Friday, November 21, 2008

No Perfect Crime - 1


Good morning everybody. All people should have to pay attention of this news which I have read in our newspaper.

The Volunteers Against Crime and Corruption, the anti-crime watchdog, said the arrest of two former officers of the Philippine National Police (PNP) in the United States in connection with the 2000 murders of publicist Salvador “Bubby” Dacer should show there’s no perfect crime. The remark is anticlimactic but it reflects the public’s relief upon learning that after eight years, the murders are on their way to a resolution. The cases are by no means closed, but the arrests should expedite the investigation and trial.

When his family reported Dacer’s disappearance in November 2000, many people immediately wrote him off as a goner. In those confusing days when the administration of President Joseph Estrada was collapsing, Dacer’s disappearance seemed merely to reinforce the general feeling that things were coming unhinged. It didn’t matter that Dacer belonged to a public relations industry where loyalties can be bought, where some PR professionals are bereft of ethics, and where treachery and betrayal may take place behind warm handshakes and profuse pleasantries. Dacer thrived and basked in a regime of false smiles and spurious allegiances, and his brutal death embodied the innately brutal nature of public relations, or at least public relations as practiced in the Philippines.

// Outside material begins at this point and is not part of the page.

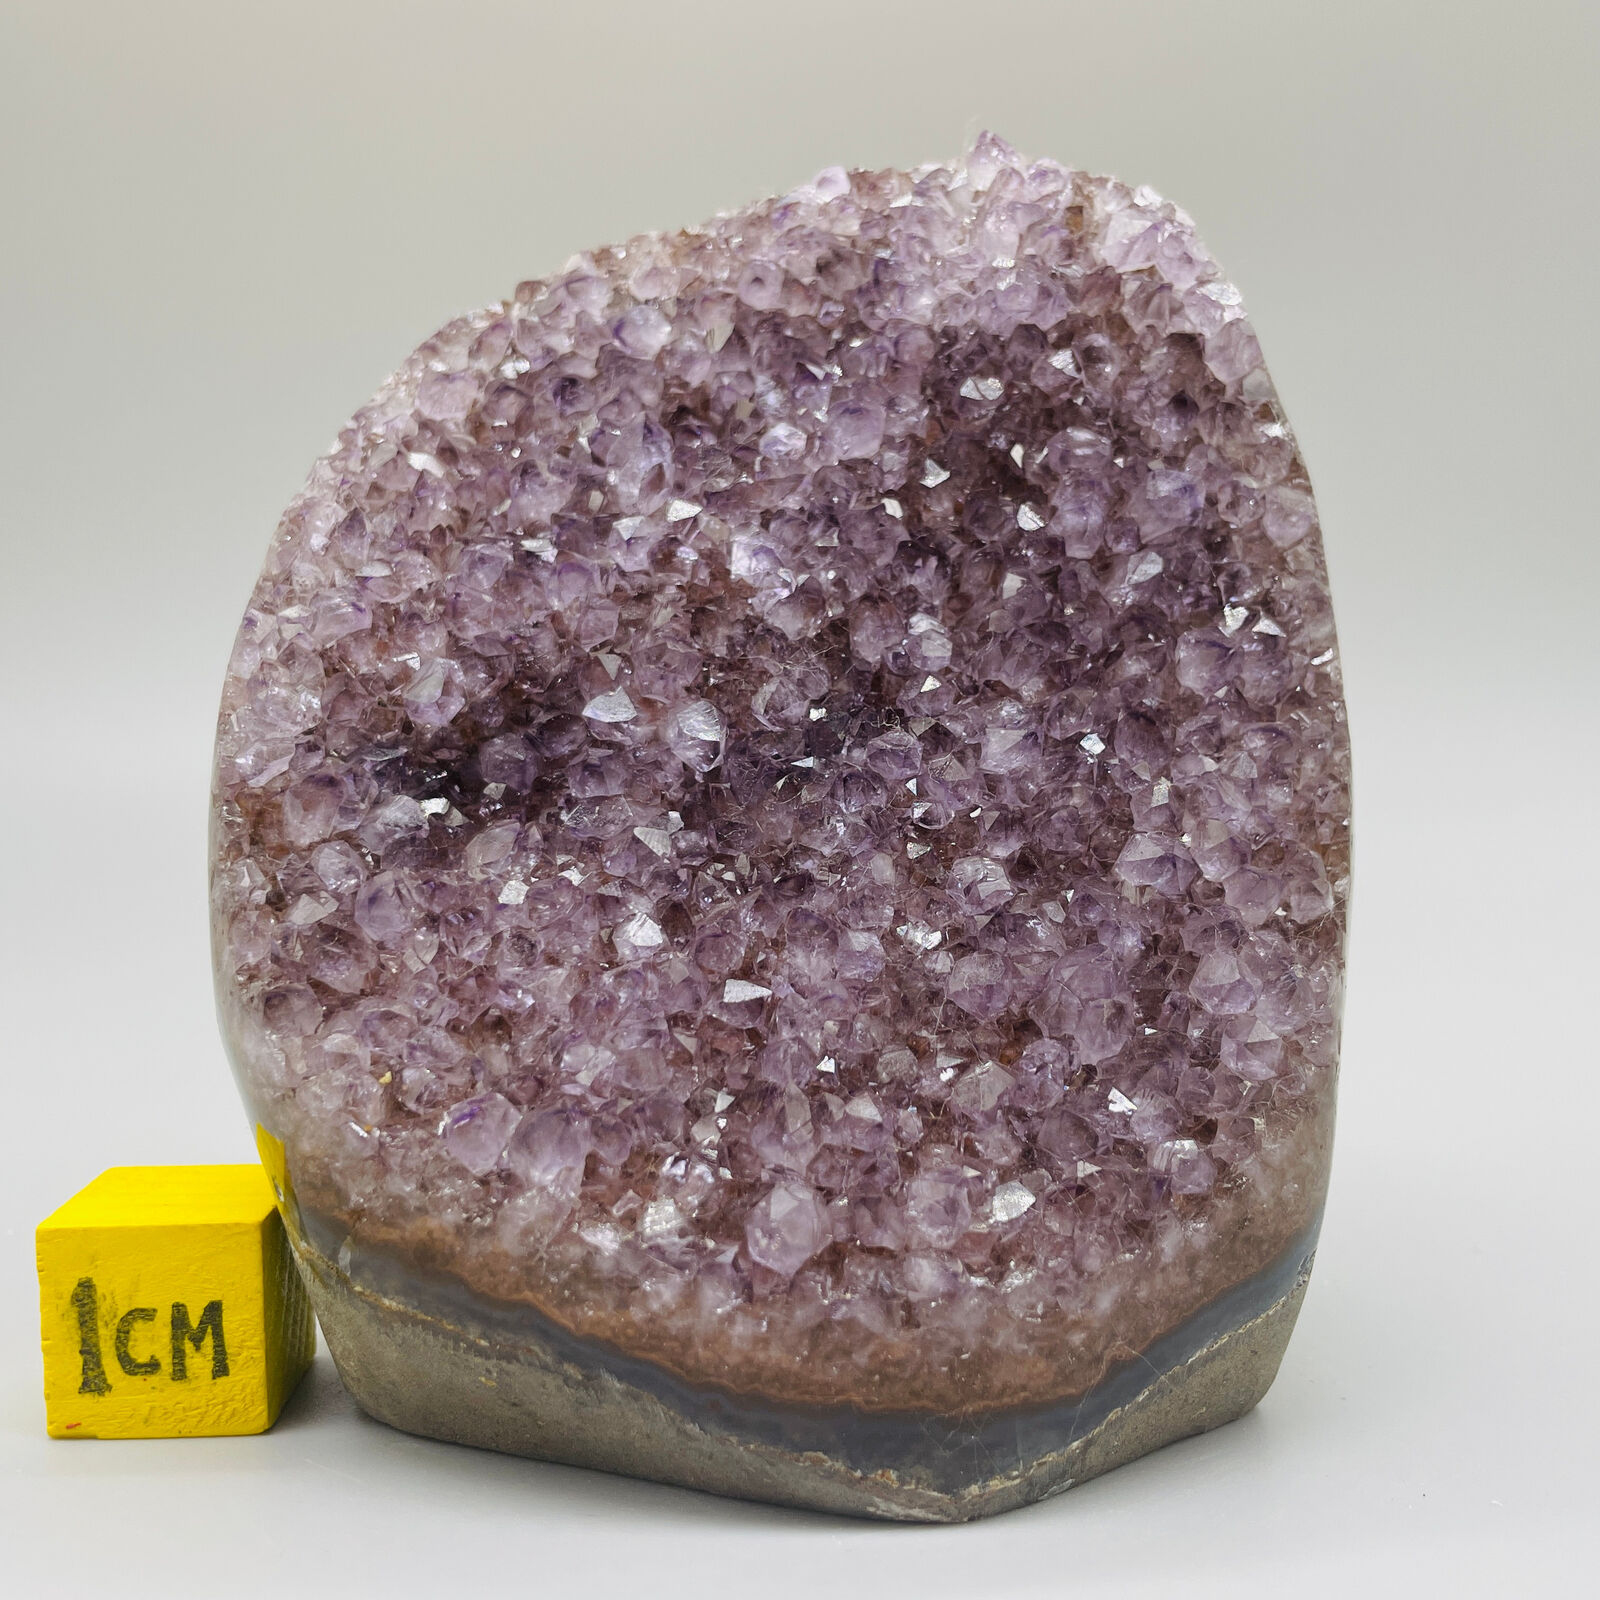 1095g Natural Amethyst Cluster Mineral Specimen Quartz Healing Crystal Gift

Sabina Reyes, Dacer’s daughter, testified in court that she had been told by her father that if something happened to him, it would be the handiwork of Panfilo Lacson, who was at the time head of the Presidential Anti-Organized-Crime Task Force (PAOCTF). She claimed Lacson was angry at Dacer for supporting Roberto Lastimoso’s bid for the position of PNP chief. She disclosed the contents of her father’s letter to Estrada in which Dacer endorsed Lastimoso for the top post and accused Lacson of waging a media campaign against Lastimoso and Ronaldo Puno, who was then the interior secretary. (Lacson has denied all of this.) How a publicist could affect public policy and top appointments in government indicates Dacer’s power, which certainly went beyond the strict limits of his profession.